To design effective procedures, simplify the language and remove any complex HIPAA jargon to make it easier for employees to understand. 

Share policies and procedures with your team

Once policies and procedures have been written, your team needs to be able to understand and share them. Keep these policies somewhere that employees can easily access them, such as a company knowledge base. 

Train your staff on HIPAA compliance 

It’s not enough to share these documents with your staff. You must also provide HIPAA training to help them better understand the organization's policies and procedures and how they relate to their role and responsibilities. 

Develop a review and approval process 

To ensure your policies and procedures stay up to date, your business should appoint a team to regularly review, approve, and finalize any changes or updates to policies and/or procedures. When changes have been made they should be noted within the policy’s version history. 

When changes occur, a business may need to do refresher trainings with their staff or update their BAAs. All HIPAA policy changes must be documented and maintained for a minimum of six years.

How Secureframe can help you streamline HIPAA policy and procedure creation 

Creating policies and procedures from scratch can feel overwhelming — especially with the number of policies you need for HIPAA compliance. 

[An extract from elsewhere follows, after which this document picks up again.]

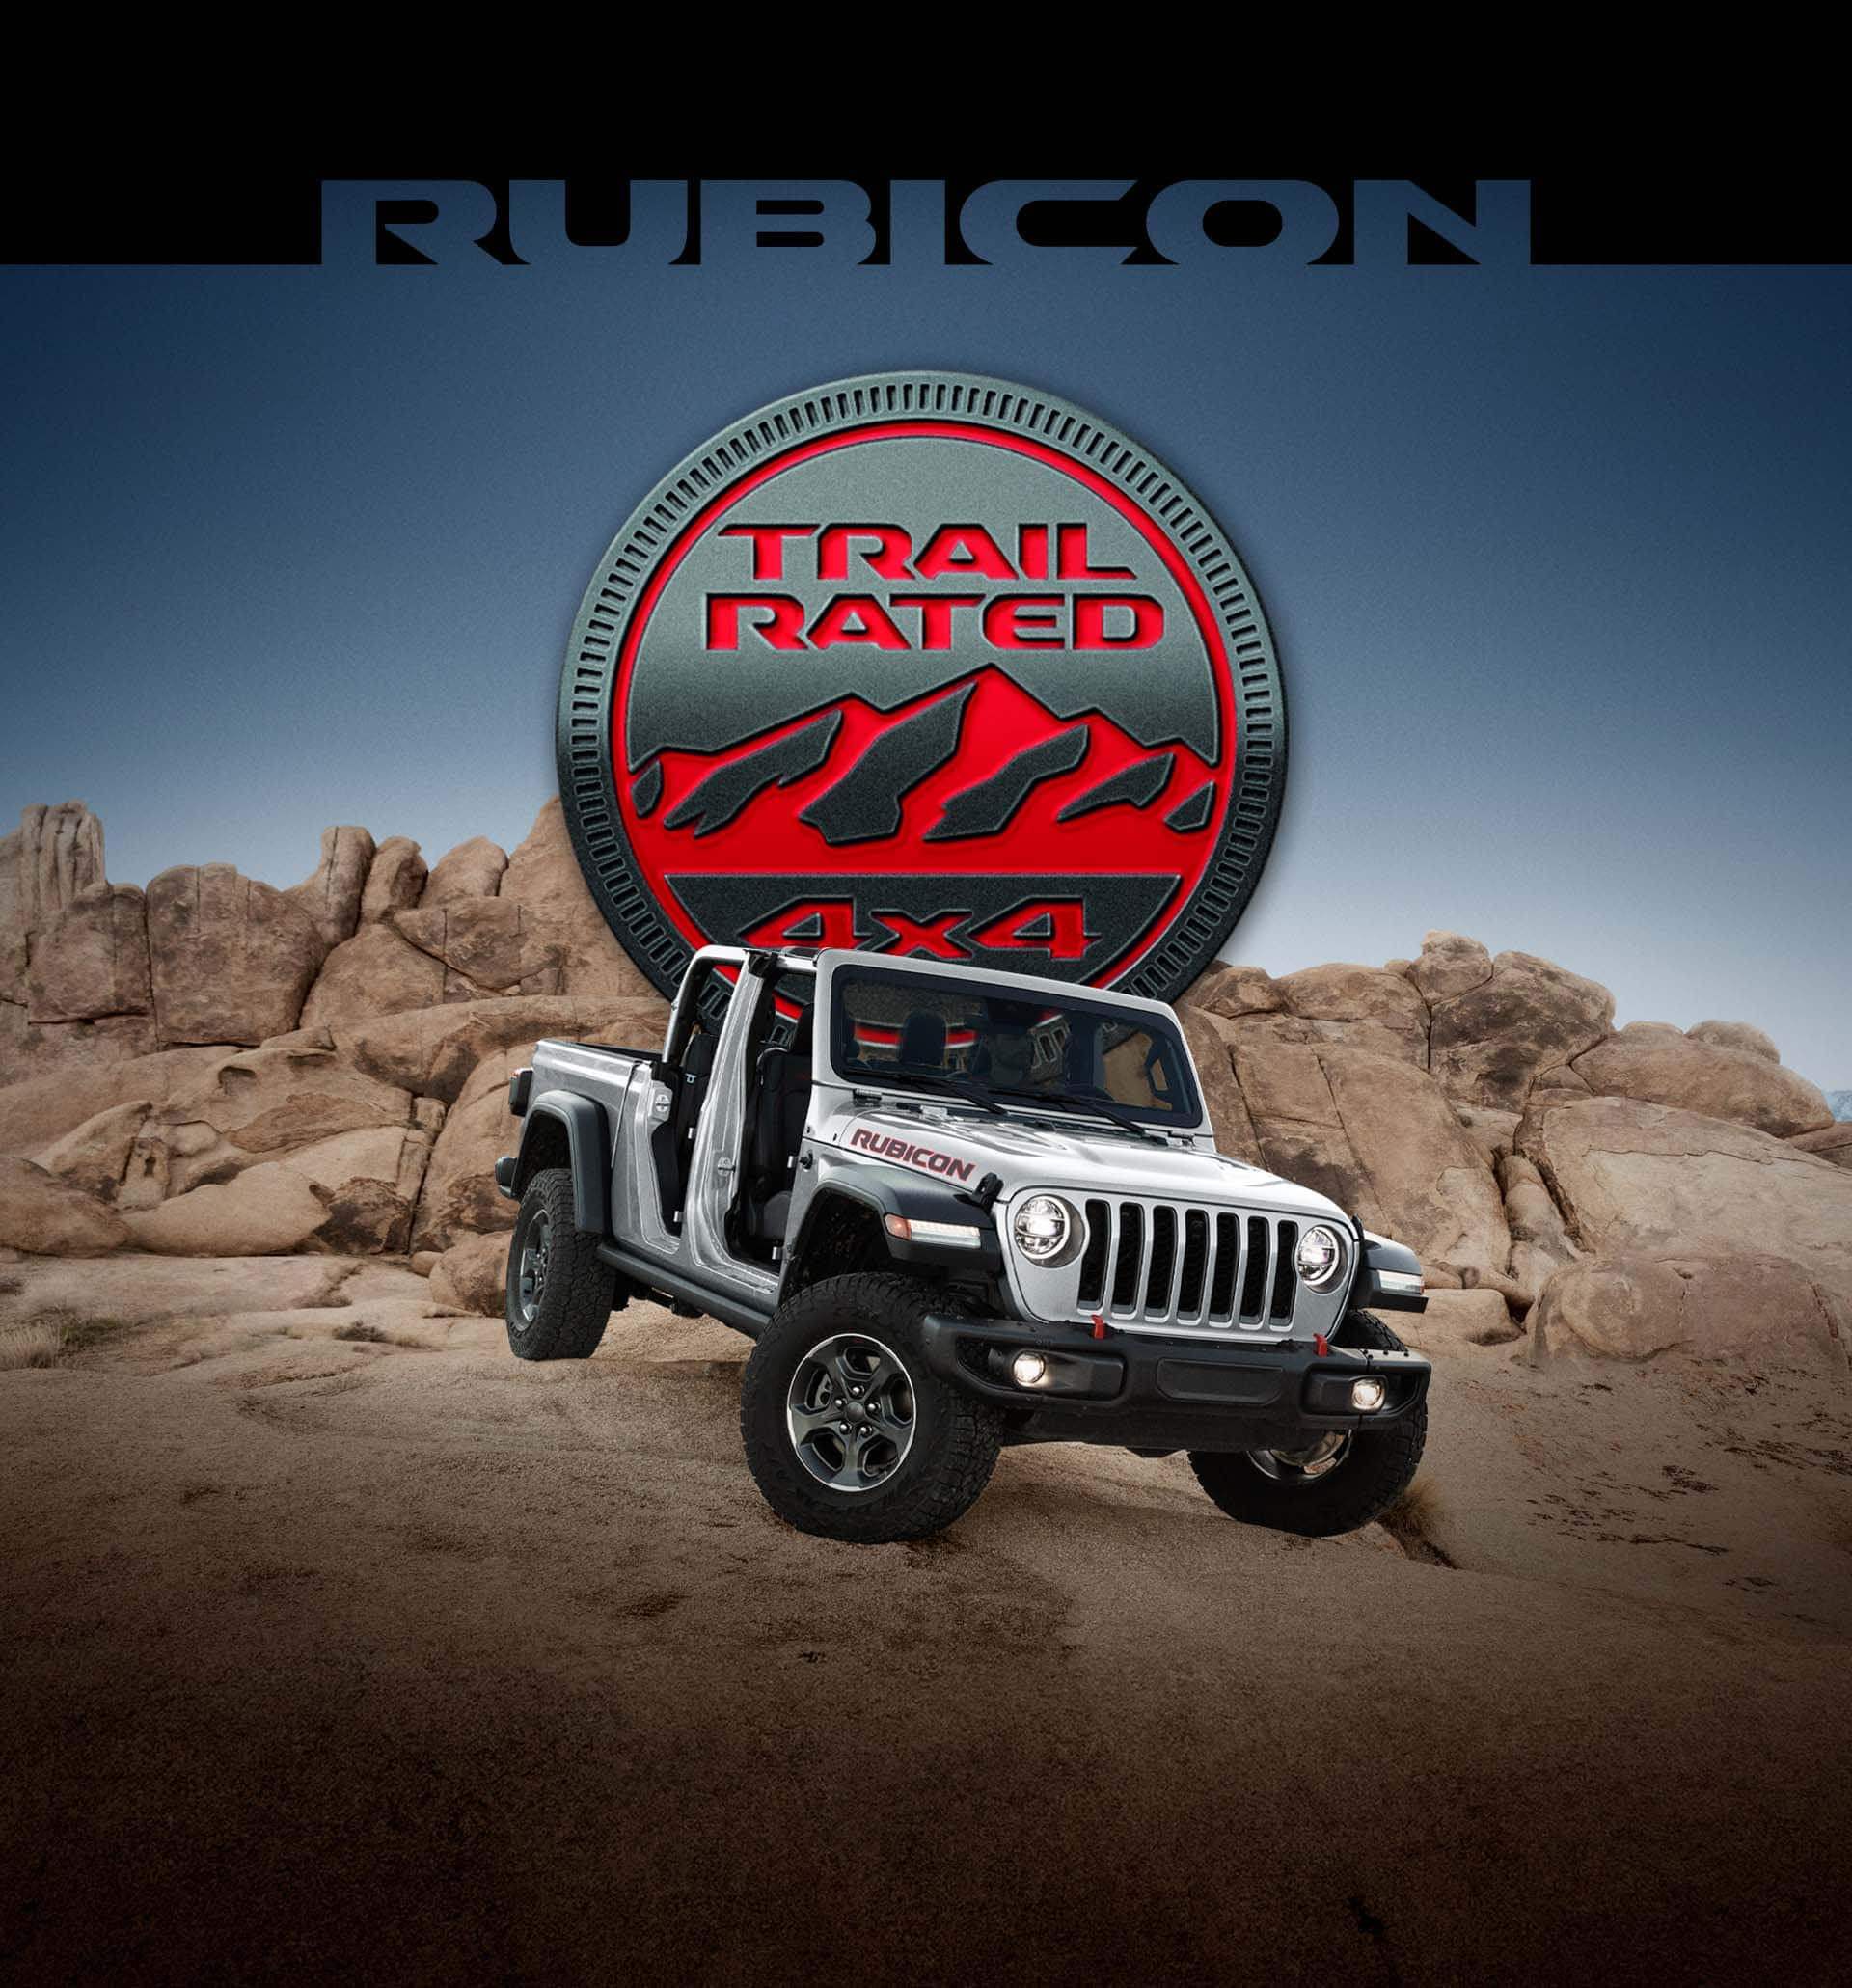 Rubicon. Una Jeep Gladiator Rubicon 2022 con las puertas y el techo extraídos, que comienza a descender por una colina rocosa, con el logotipo de Trail Rated 4x4 superpuesto.

Secureframe can help you simplify the entire process by providing you with policy templates that can be tailored to the specific needs of your organization. 

To learn more, request a demo with our team today. 

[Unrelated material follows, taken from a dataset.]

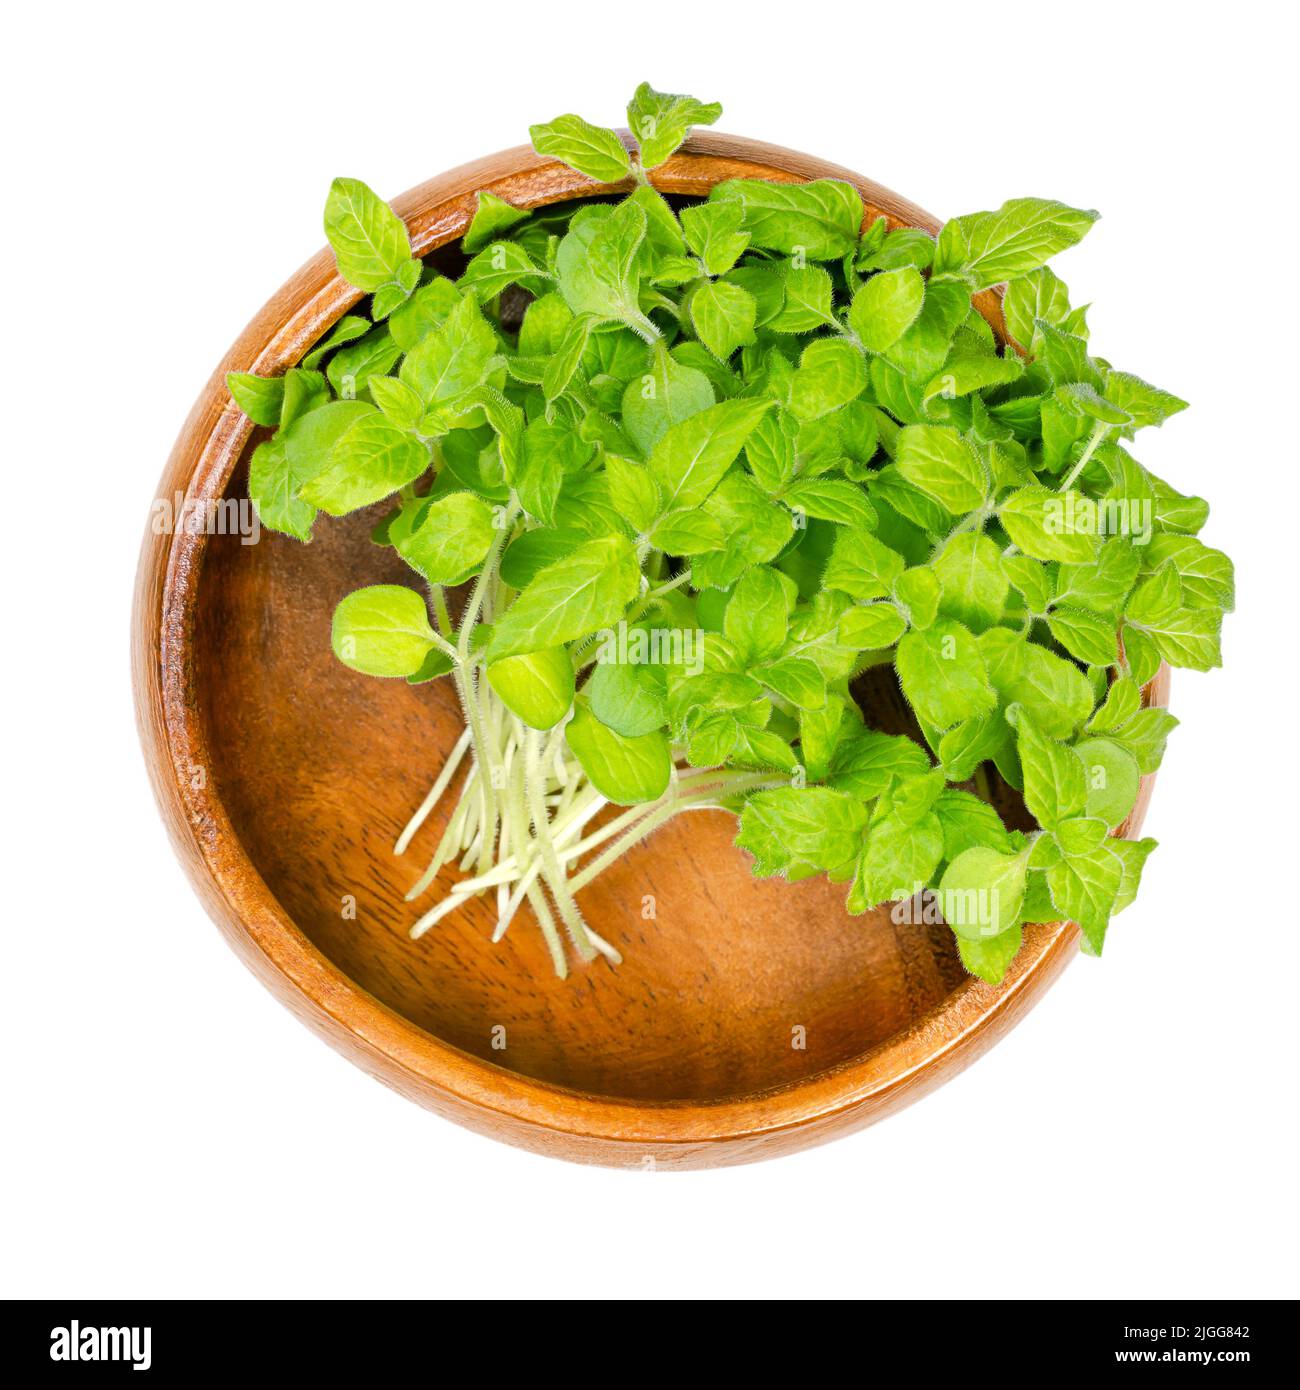 Sesam oder Benne mikrogrün, in einer Holzschale. Bereit, frische und grüne Jungpflanzen von Sesamum zu essen, leicht bittere und gesunde Triebe. Stockfoto

What policies are needed for HIPAA?

Here is a list of key policies that are typically needed for HIPAA compliance:

  1. Privacy Policies:
  2. Notice of Privacy Practices: Policies regarding how PHI is used and disclosed, and informing patients of their rights regarding their health information.
  3. Patient Rights: Policies outlining the process for patients to access their PHI, request amendments, and account for disclosures, among other rights.
  4. Minimum Necessary Use and Disclosure: Policies that ensure PHI is only accessed and disclosed to the minimum extent necessary to accomplish the intended purpose.
  5. Security Policies:
  6. Risk Analysis and Management: Policies for conducting regular risk assessments and implementing measures to mitigate identified risks to the security of PHI.
  7. Data Encryption: Policies detailing when and how PHI should be encrypted, both at rest and in transit.
  8. Access Control: Policies that define who can access PHI, how access rights are granted, reviewed, and terminated, and how access is controlled and monitored.
  9. Physical Security: Policies and procedures to safeguard facility access and protect equipment containing PHI from unauthorized access, tampering, and theft.
  10. Workstation and Device Security: Policies governing the use and security of workstations and electronic devices that access PHI.
  11. Security Incident Response and Reporting: Policies for identifying, responding to, and documenting security incidents and breaches.
  12. Breach Notification Policies:
  13. Breach Identification and Response: Policies outlining the process for identifying, responding to, and mitigating the effects of a PHI breach.
  14. Notification Procedures: Policies detailing how and when to notify affected individuals, the HHS, and potentially the media in the event of a breach involving PHI.
  15. Employee Training and Management:
  16. Training: Policies requiring regular training for all employees on HIPAA regulations and the organization's privacy and security practices.
  17. Sanctions: Policies detailing disciplinary actions for employees who fail to comply with HIPAA regulations and the organization's policies.
  18. Business Associate Management:
  19. Business Associate Agreements: Policies for entering into agreements with business associates that ensure they appropriately safeguard PHI under HIPAA requirements.
  20. Complaints and Compliance:
  21. Complaints Process: Policies establishing a process for receiving and addressing complaints concerning the organization's privacy practices.
  22. Compliance Auditing and Monitoring: Policies for regular internal audits and monitoring to ensure ongoing compliance with HIPAA regulations and the effectiveness of the implemented policies.